For larger properties around Great Falls, we've cleared trail networks of a mile or more connecting stand locations, food plots, and parking areas. A well-planned trail system makes managing the property easier year-round, not just during season.
Cost for Hunting Land Work
Hunting land preparation is priced the same as our other forestry mulching work — generally $1,500 to $5,000 per acre depending on vegetation density and terrain. But hunting jobs often don't involve clearing full acres. You might need a half-acre food plot, four shooting lanes, and a quarter-mile trail. We quote those jobs based on the actual scope of work.
A typical hunting property setup — one or two food plots, several shooting lanes, and a trail network — usually runs less than clearing the equivalent acreage outright because we're selectively clearing rather than taking everything down. We'll walk the property with you, mark out what needs to be cleared, and give you a firm number.

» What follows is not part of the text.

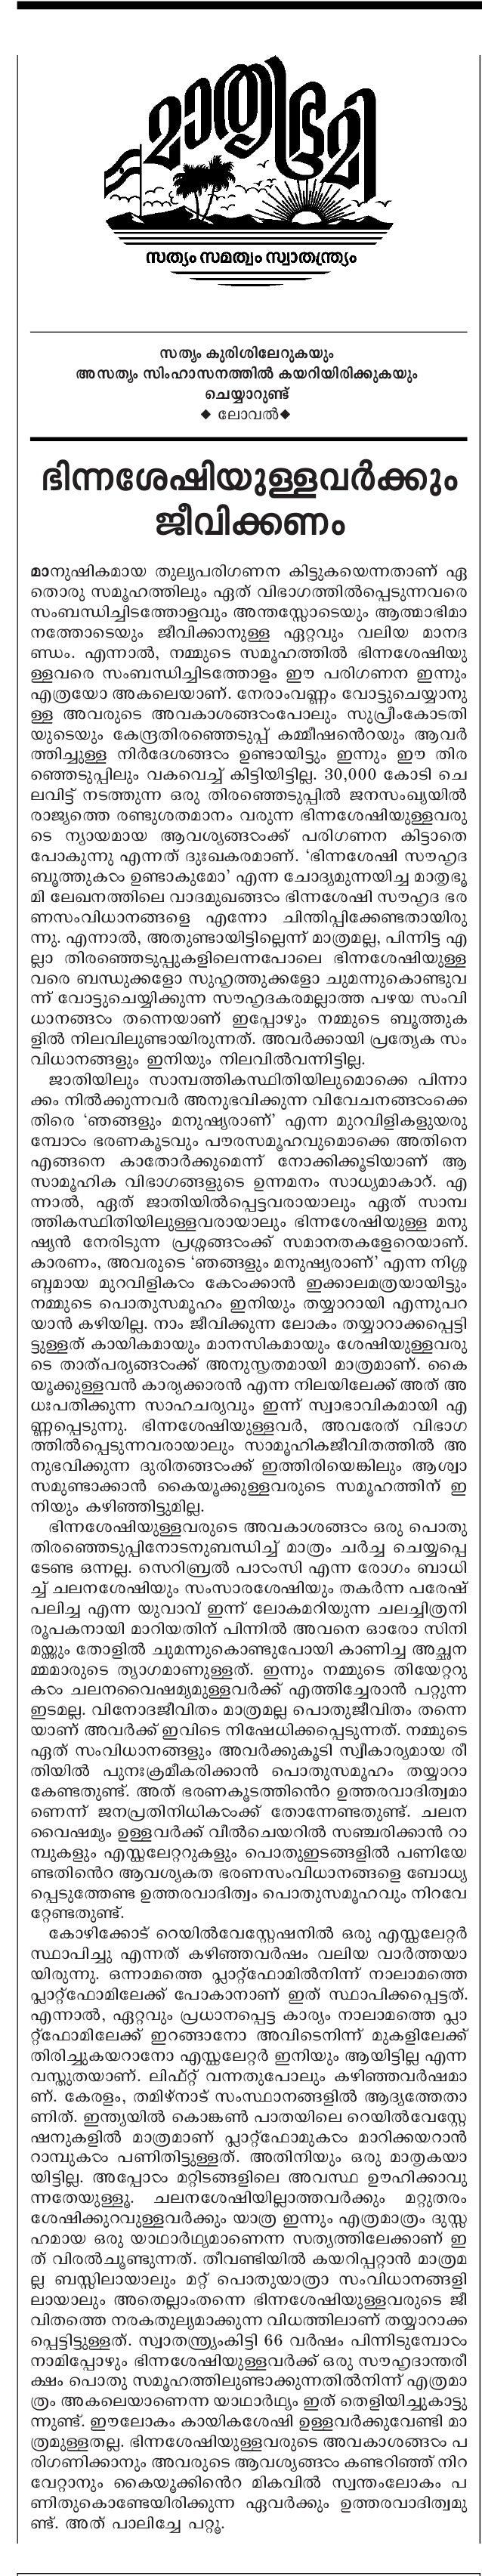 mathrubhumi editorial on 11-04-2014

If you're splitting costs with a hunting club, it helps to have a plan before we come out. Know where you want your plots, where the stands are going, and how you want trails to connect. That way the estimate is accurate and the work gets done in one mobilization.
Timing and Scheduling
The best time to prepare hunting land is late spring through summer — well ahead of deer season. This gives food plots maximum growing time and lets the woods settle after clearing. We get the most hunting land calls between April and August, so booking early in the season gives you the best scheduling flexibility.